Tokyo la nuit de Nick Bradley

Un bouquet d’intrigues à pleins régimes

par ALPHONSE CUGIER
Publié le 30 juillet 2021 à 19:25

De Tokyo on connaît le mélange d’immeubles en verre et acier et de frêles maisons bonsaï à portes coulissantes, le réseau inextricable d’autoroutes suspendues et la profusion de publicités lumineuses chamarrées. Mais qu’en est-il dans les quartiers abandonnés ou interlopes ? Une chatte calico, pelage tricolore blanc, brun, roux, aux yeux verts, déambule agile et ondulante dans le lacis de ruelles étroites et sombres, préservant sa part de secret. Elle croise la route d’une multitude de personnages. Kentaro un tatoueur de yakuzas et Naomi, une jeune fille qui lui demande de graver la ville de Tokyo sur son dos. Ohashi un conteur que le succès a fui à cause de l’alcool et que la chatte, désormais son seul auditoire, lui a trouvé un lieu pour dormir, un cabinet-lit, chambre-tiroir d’un hôtel-capsule désaffecté. Un employé dans une société de relations publiques et qui, résigné, ne rencontre jamais l’amour. Taro le frère du conteur, chauffeur de taxi satisfait de la routine et humilié par des clients ignobles. Un détective qui ne récoltait que des affaires d’adultère. Un couple, lui photographe britannique et elle, japonaise cherchant à s’occidentaliser, qui ne marche plus l’amble et qui ne parvient pas à mettre fin à leur relation. Et bien d’autres que nous allons ensuite évoquer.

Roman-mosaïque

Chaque chapitre est réservé à un ou plusieurs personnages visités par notre chatte mystérieuse qui, déjà, changeait de place sur le tatouage au grand dam de Kentaro littéralement pris dans une sorte de cauchemar.

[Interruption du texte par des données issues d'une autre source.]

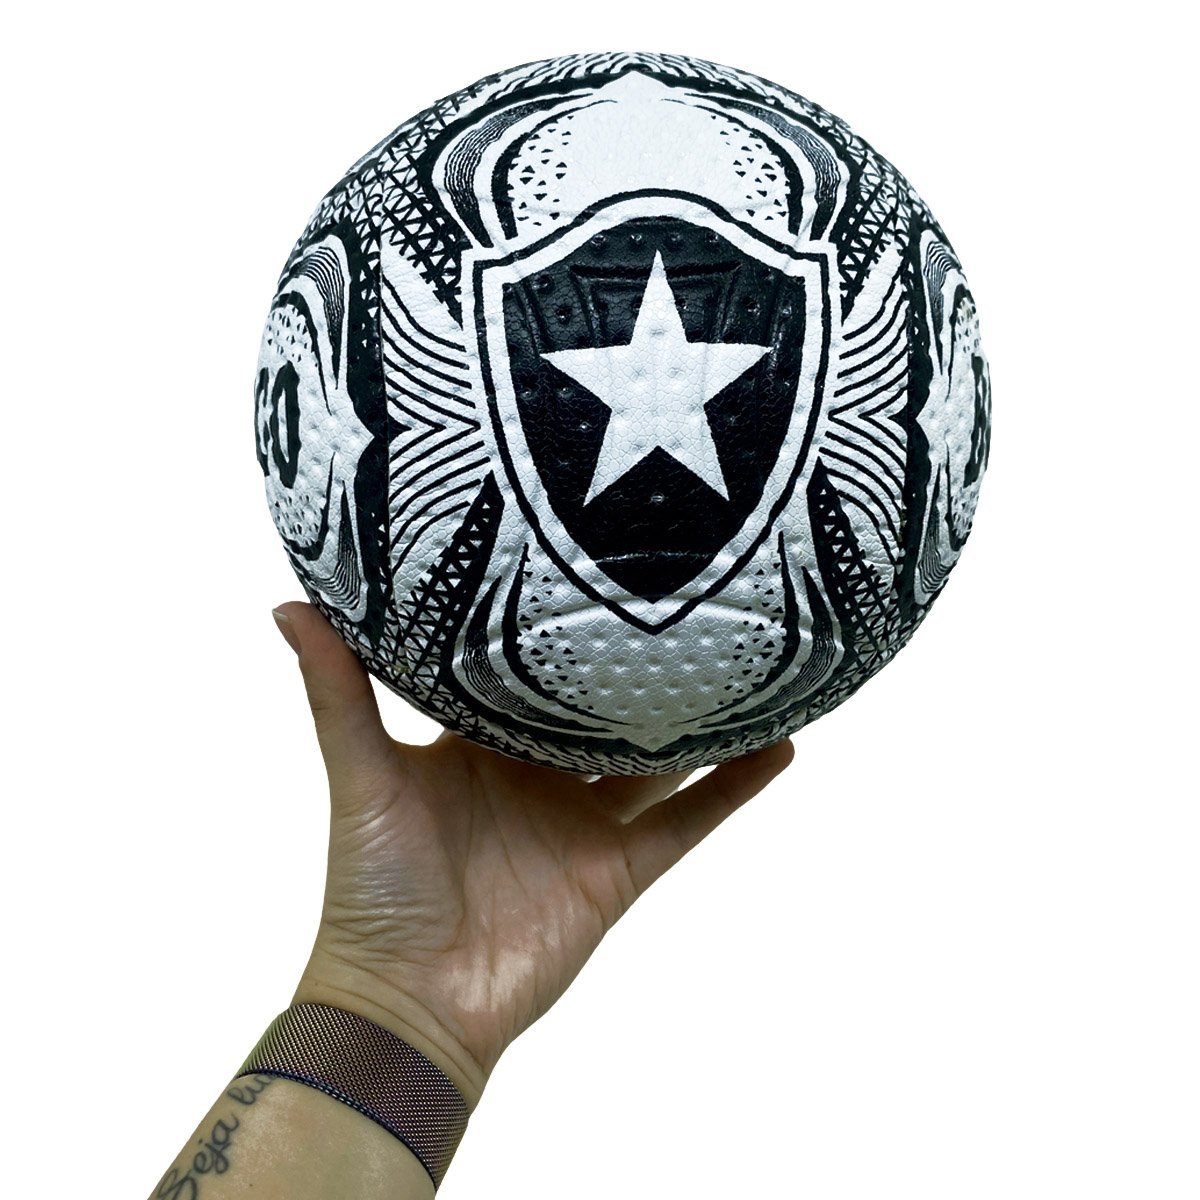 Bola Futebol Branca Santos (sfc) Licenciada Oficial - Jogos
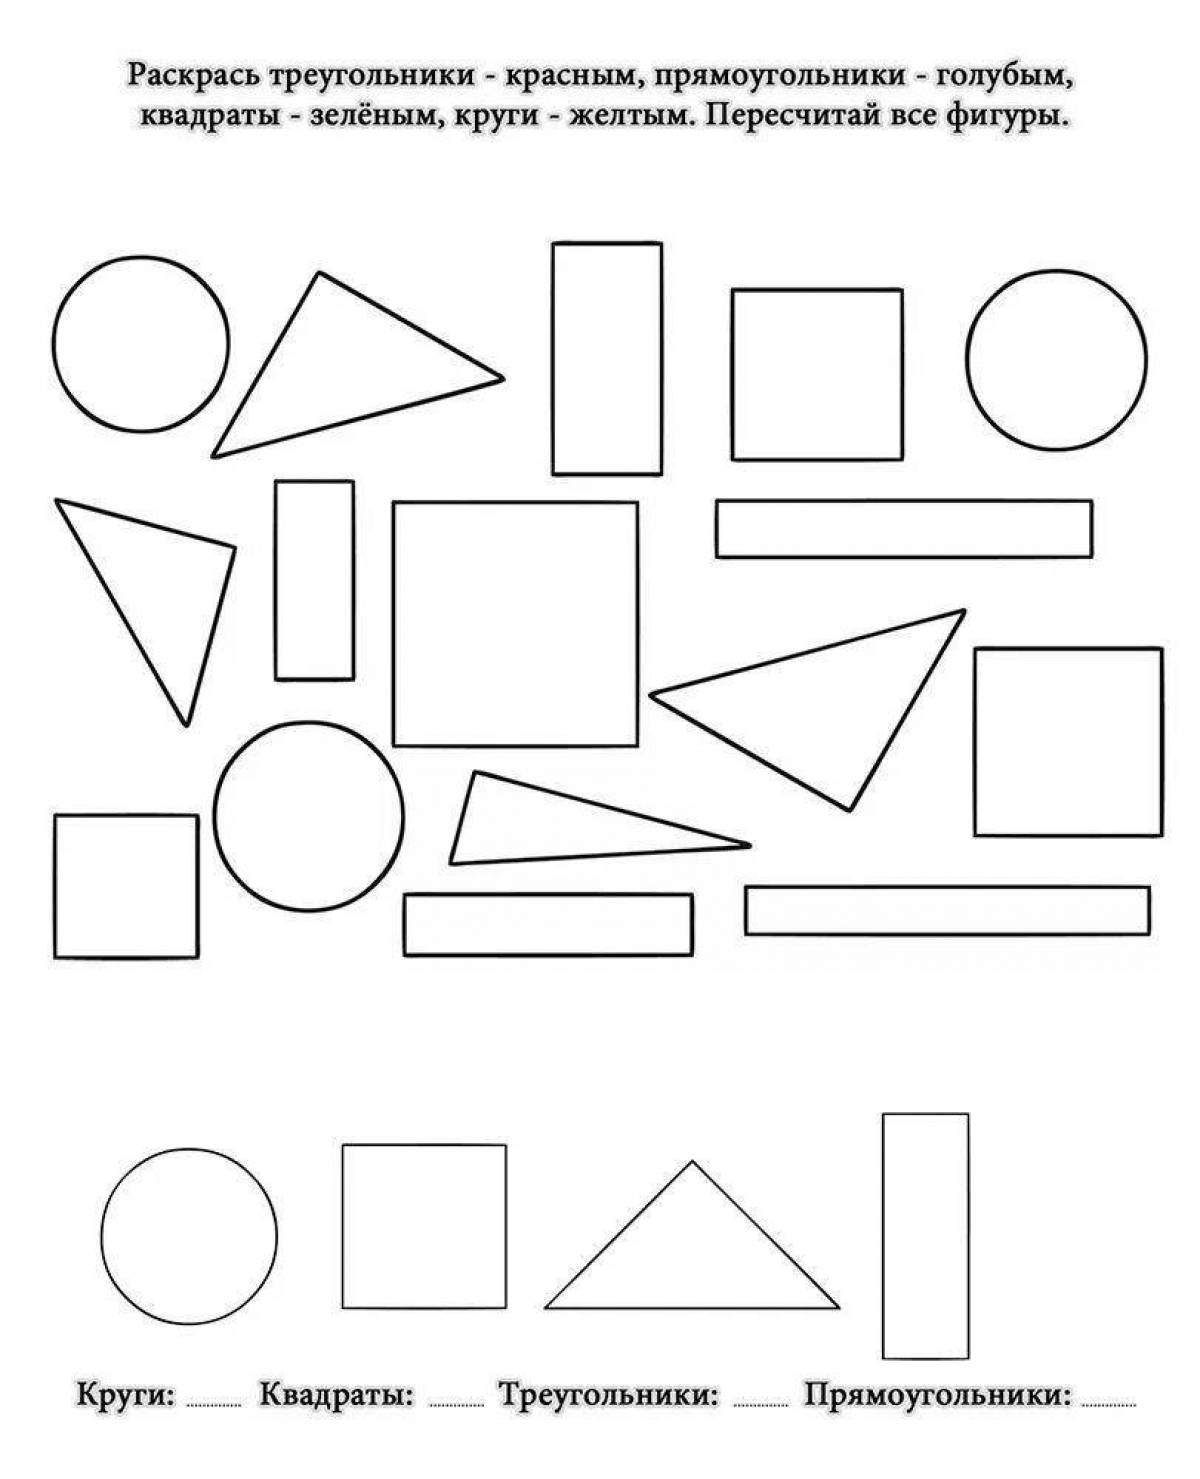 Игры квадрат круг треугольник. Задания с геом фигурами для дошкольников. Задания для дошкольников развивающие геометрические фигуры. Задания на закрепление геометрических фигур для дошкольников. Задания для дошкольников математика геометрические фигуры.

Nick Bradley a concocté un roman-mosaïque, marqueterie d’abord disjointe dont les pièces vont en partie se raccorder. La chatte, véritable pôle baladeur, magnétise l’ensemble, assure une continuité et fait naître des échos entre différentes histoires. Un puzzle changeant sans cesse de registre. Réalisme avec les courses du taxi à travers les rues de Tokyo et l’attention portée aux détails qui tissent la trame du quotidien des différents protagonistes. Science-fiction avec la nouvelle Copy Cat intégrée au récit, écrite par le père du conteur, traduite par Flo et qui met en scène un professeur assisté d’un robot.

Des solitudes additionnées

Ce scientifique réalise un clone de la chatte qu’il a attrapée, l’opération terminée les deux félins sosies dialoguent. Insertion des notes d’enquête du détective, d’article de journal, d’un manga dessiné par un enfant relatant sa rencontre avec un de ces êtres qui se retirent du monde et vivent cloîtrés. Décisions gouvernementales concernant les Jeux Olympiques (roman écrit avant 2020, avant la pandémie) : en toute bonne politique de solidarité telle que la pratiquent les « démocraties », les SDF sont expulsés, les « déviants » arrêtés, des quartiers destinés aux installations sportives sont démolis. Un roman polyphonique où chacun, cabossé par l’existence, dépris du rêve, se débat avec sa solitude dans un espace aussi étroit que l’horizon qui s’offre à lui. Une fiction documentée instillée de fantasmagorie, merveilleux hétéroclite en terre d’aventure littéraire. Un grand roman échappe toujours au cloisonnement des genres.